“劉大人,來,小弟給你介紹位江南豪傑。”雖然貼目乃是小吏,非是官員,按理稱不得“大人”,但這劉貼目卻是理所當然的應著,打量了武植幾眼,皺眉道:“朱老弟,閑雜人就不必介紹了,還是辦正事兒要緊。”
朱武對武植使個眼色,意思這種角色的話咱不必在意,武植微微一笑,自管坐下飲茶。
當下朱武和劉貼目開始商議起孔家兄弟之事,劉貼目吹得天花亂墜,連連應承沒有問題,言道自己在大名府大牢很有幾個好友,保證把孔家兄弟搭救出來,聽得武植肚裏好笑,貴王府扔進大牢的人你能弄出來?那可真就邪門了。

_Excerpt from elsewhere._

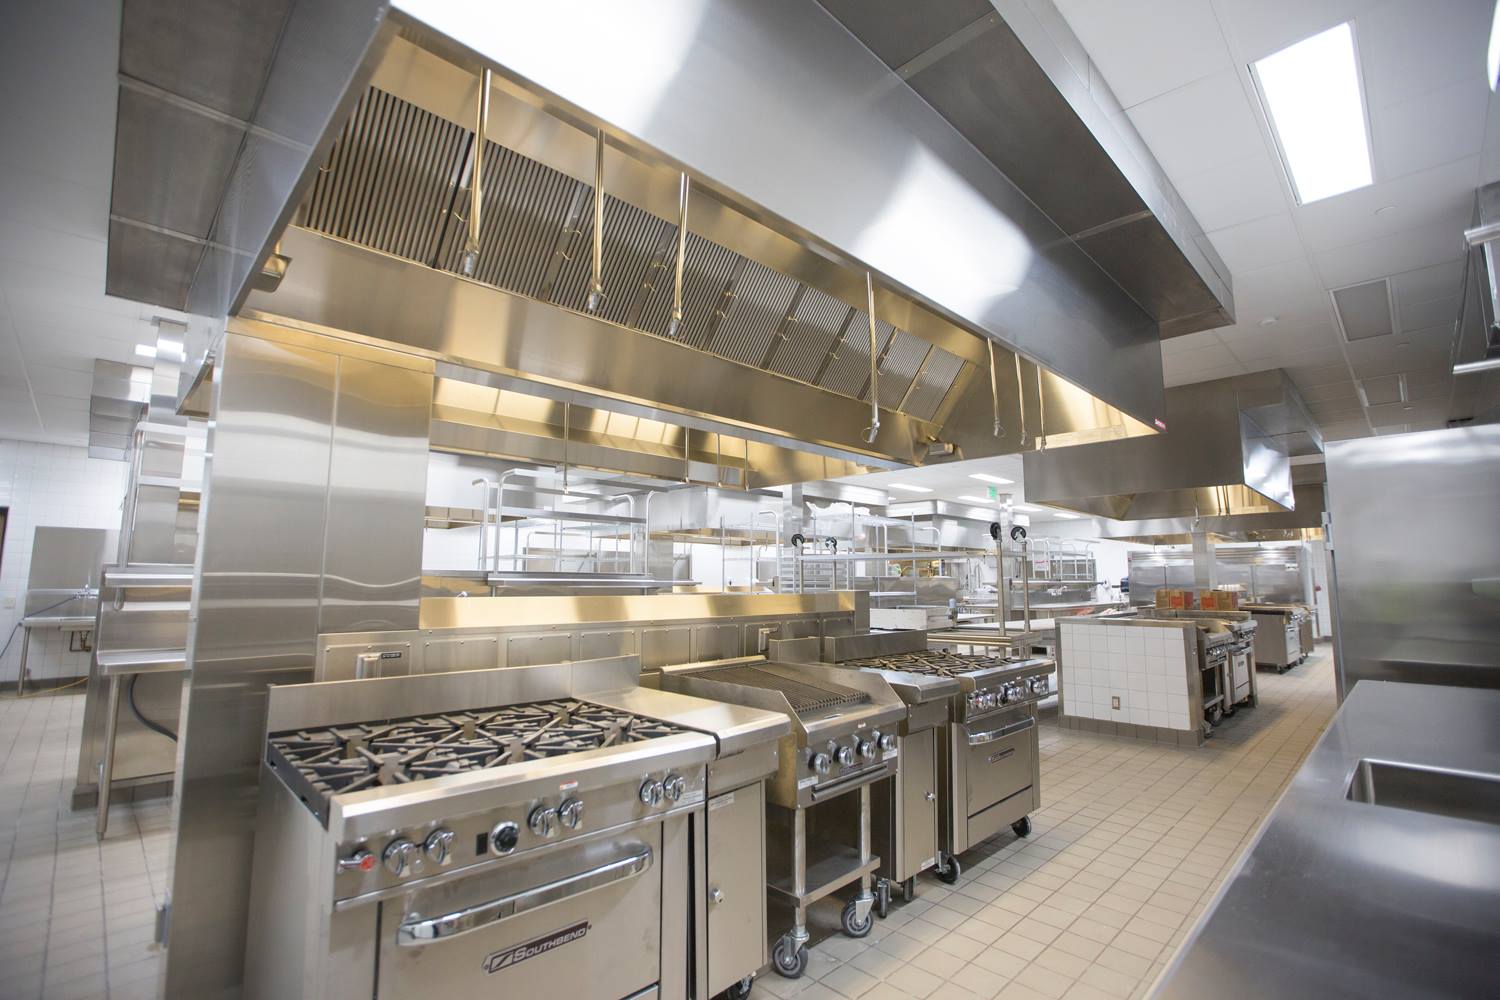 Culinary lab at Madison College

劉貼目看來對自己很有信心,吹噓了一陣後起身道:“朱老弟,咱這就帶你進大牢認人,免得咱家兄弟在裏麵受苦!隻要兄弟說句話,保證牢頭恭恭敬敬把人交出來!”
朱武大喜,起身拱手道:“如此謝過劉大人了。”
武植也笑著起身,“還從未進過大牢,我也去長長見識。”
劉貼目一皺眉,朱武急忙遞過幾張交子,劉貼目接過交子笑道:“朱老弟也太客氣了。”又回頭對武植道:“小子,進去別亂說話,小心惹禍上身。”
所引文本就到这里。